_Data block_
^^^^^^^^^^^^^^^^
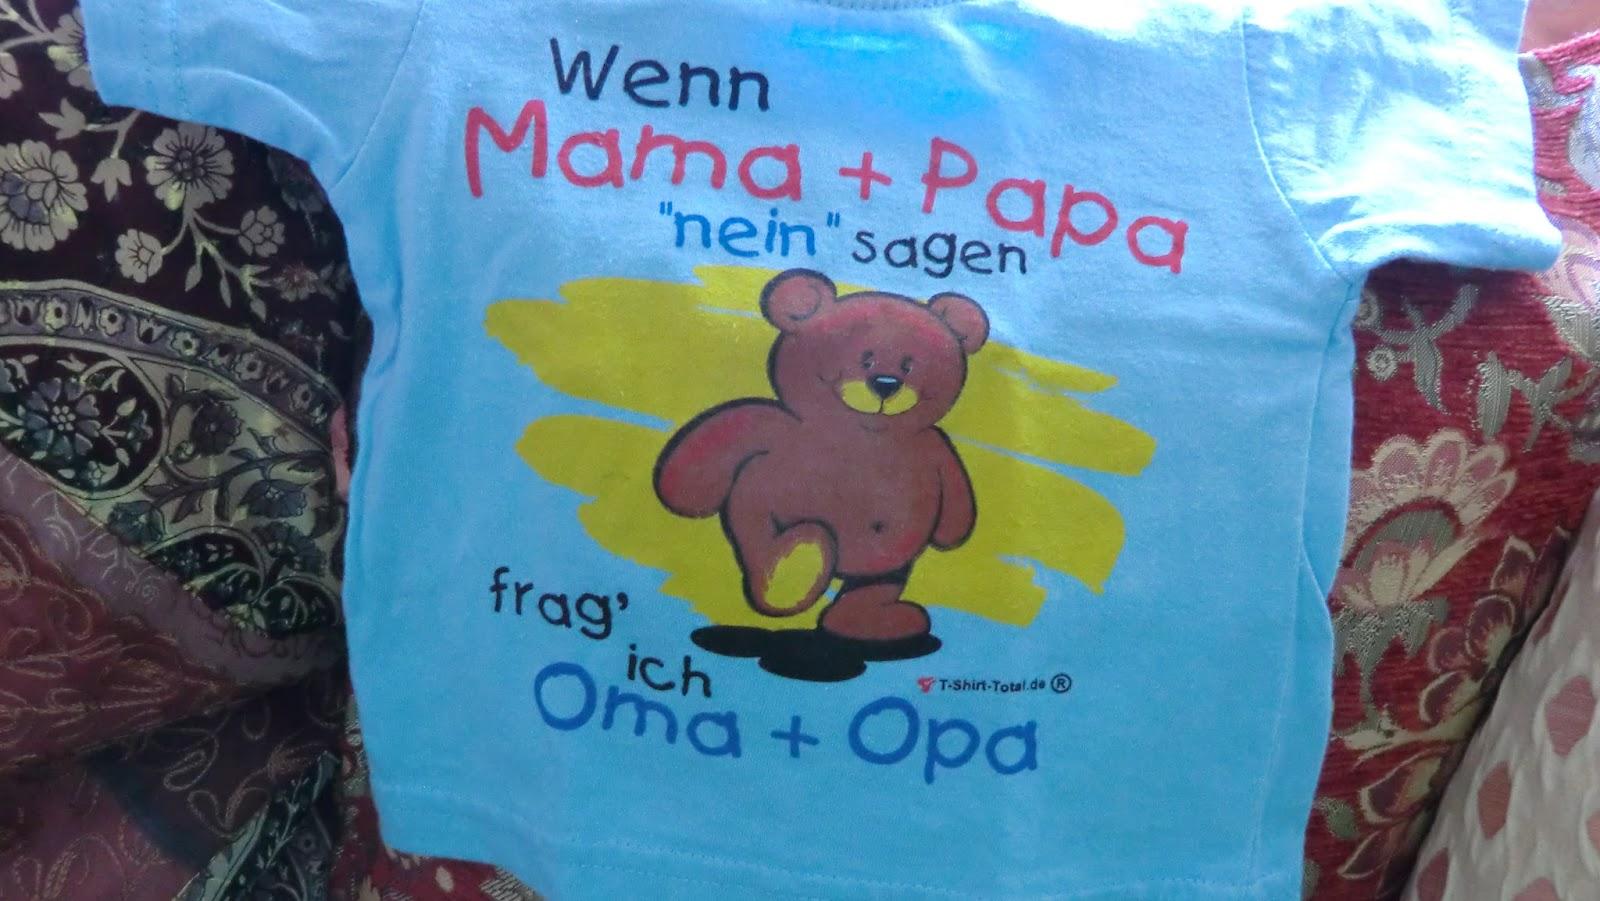 Fasten Seat Belts Baby Bär 29 Oma Heute Kommt Uns Die Mama
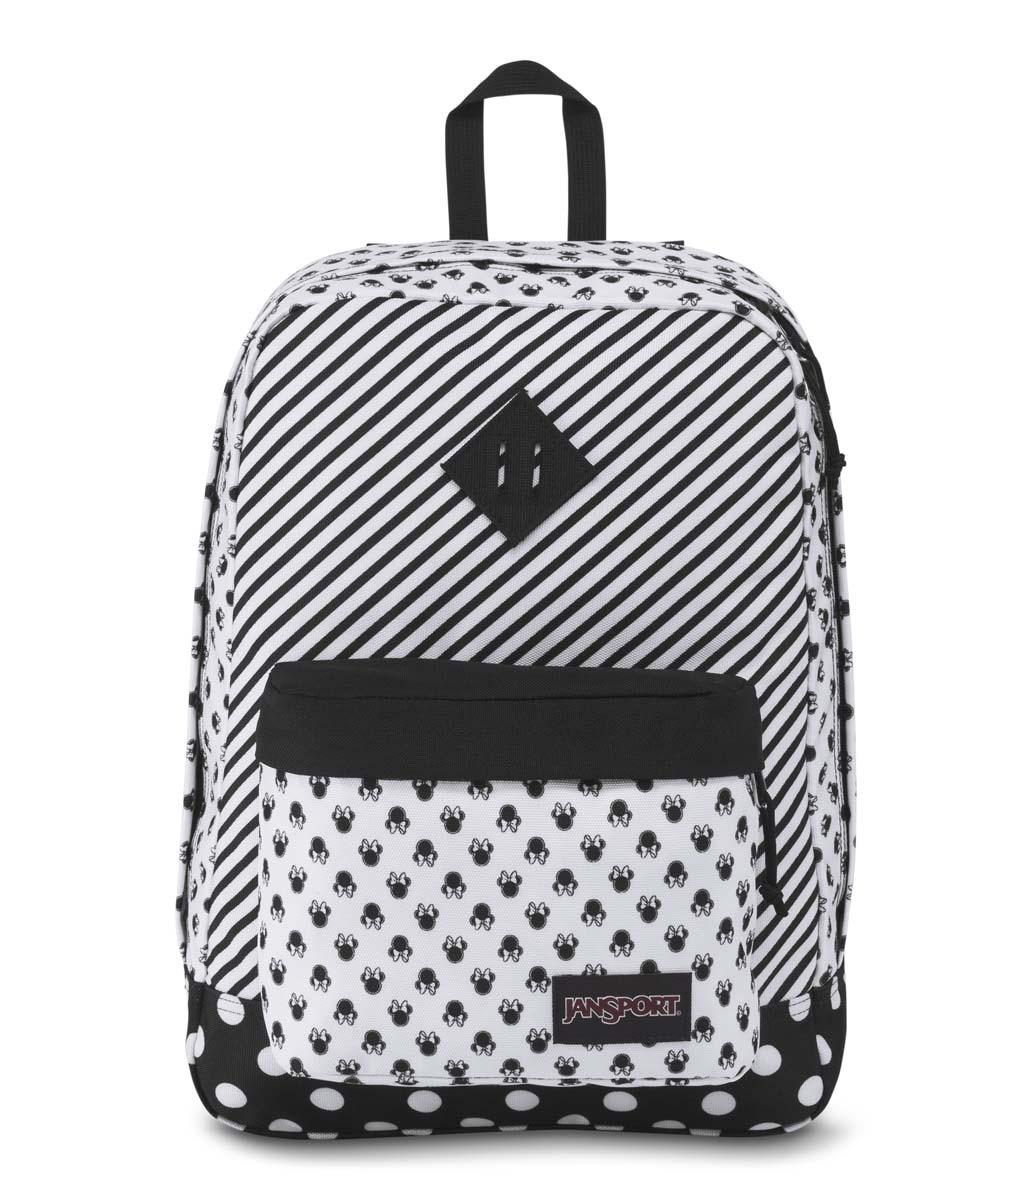 JanSport กระเป๋าเป้ รุ่น Super FX - Disney Minnie White Bow Dot
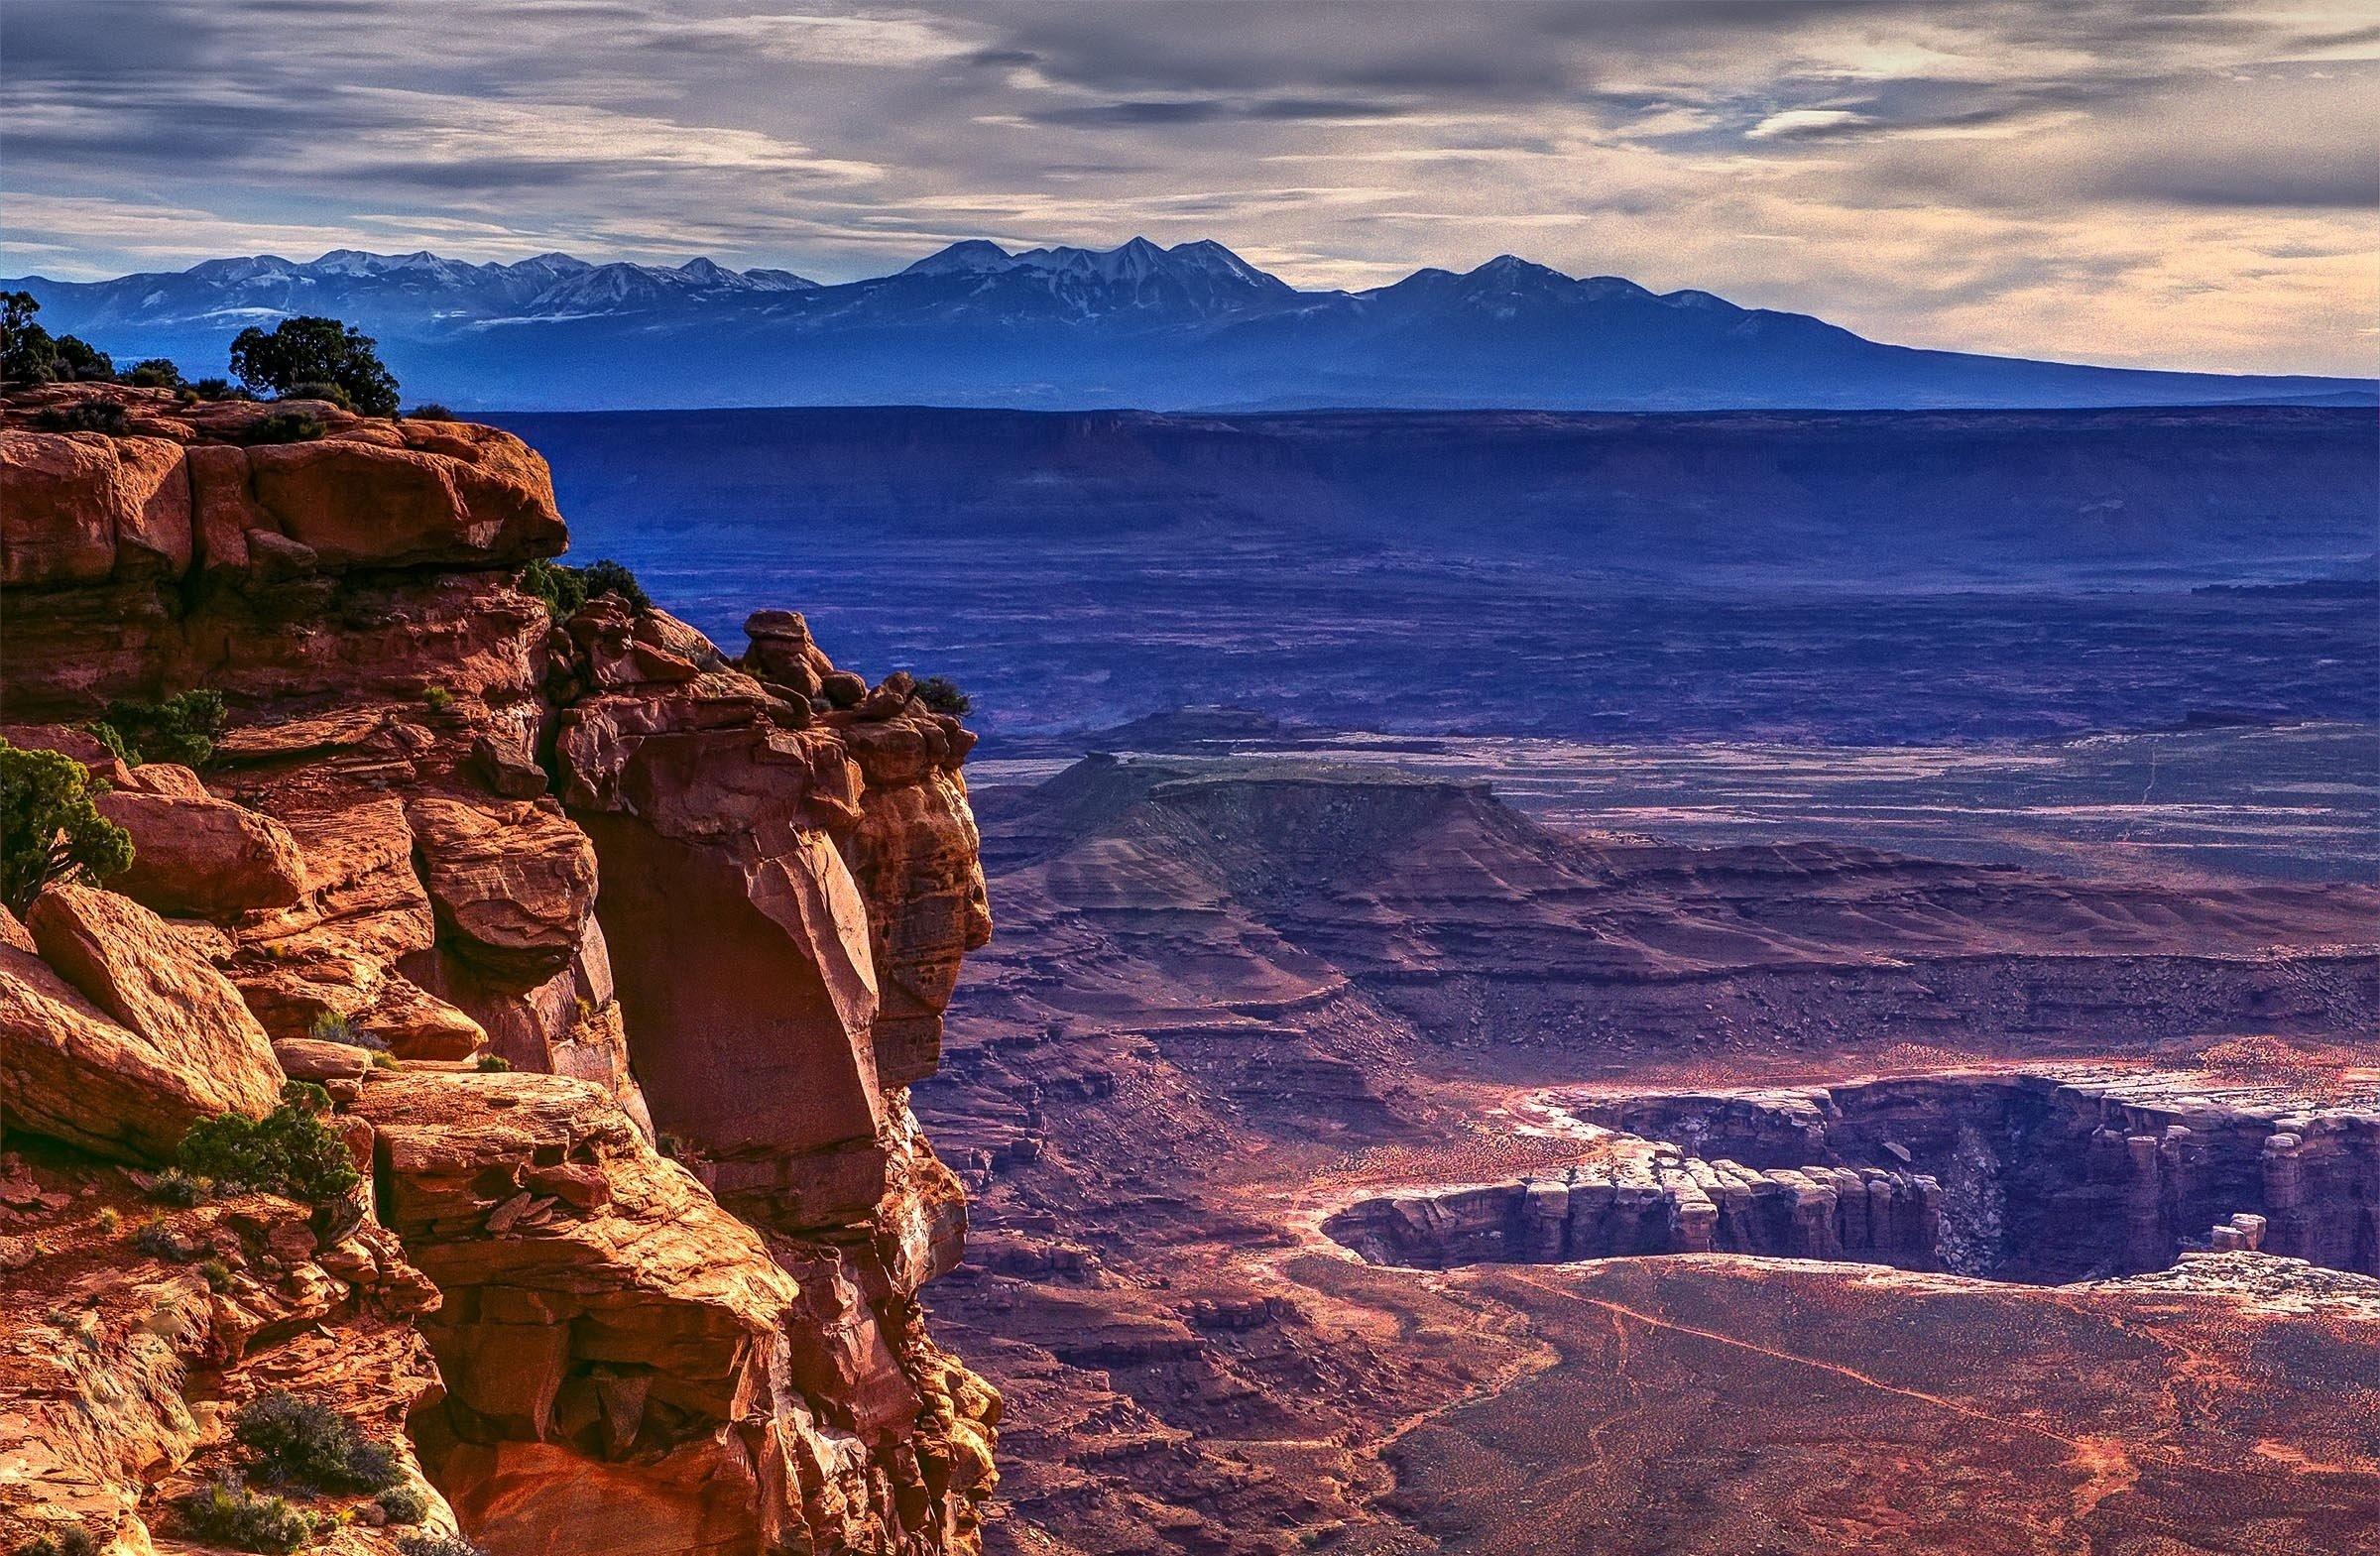 Canyonlands National Park near Moab Utah desert landscape mountains 2400x1569
^^^^^^^^^^^^^^^^
_What is being asked_
Each line above should be written out again exactly, and no picture should appear in the copy.

_Exercise output_
 Fasten Seat Belts Baby Bär 29 Oma Heute Kommt Uns Die Mama
 JanSport กระเป๋าเป้ รุ่น Super FX - Disney Minnie White Bow Dot
 Canyonlands National Park near Moab Utah desert landscape mountains 2400x1569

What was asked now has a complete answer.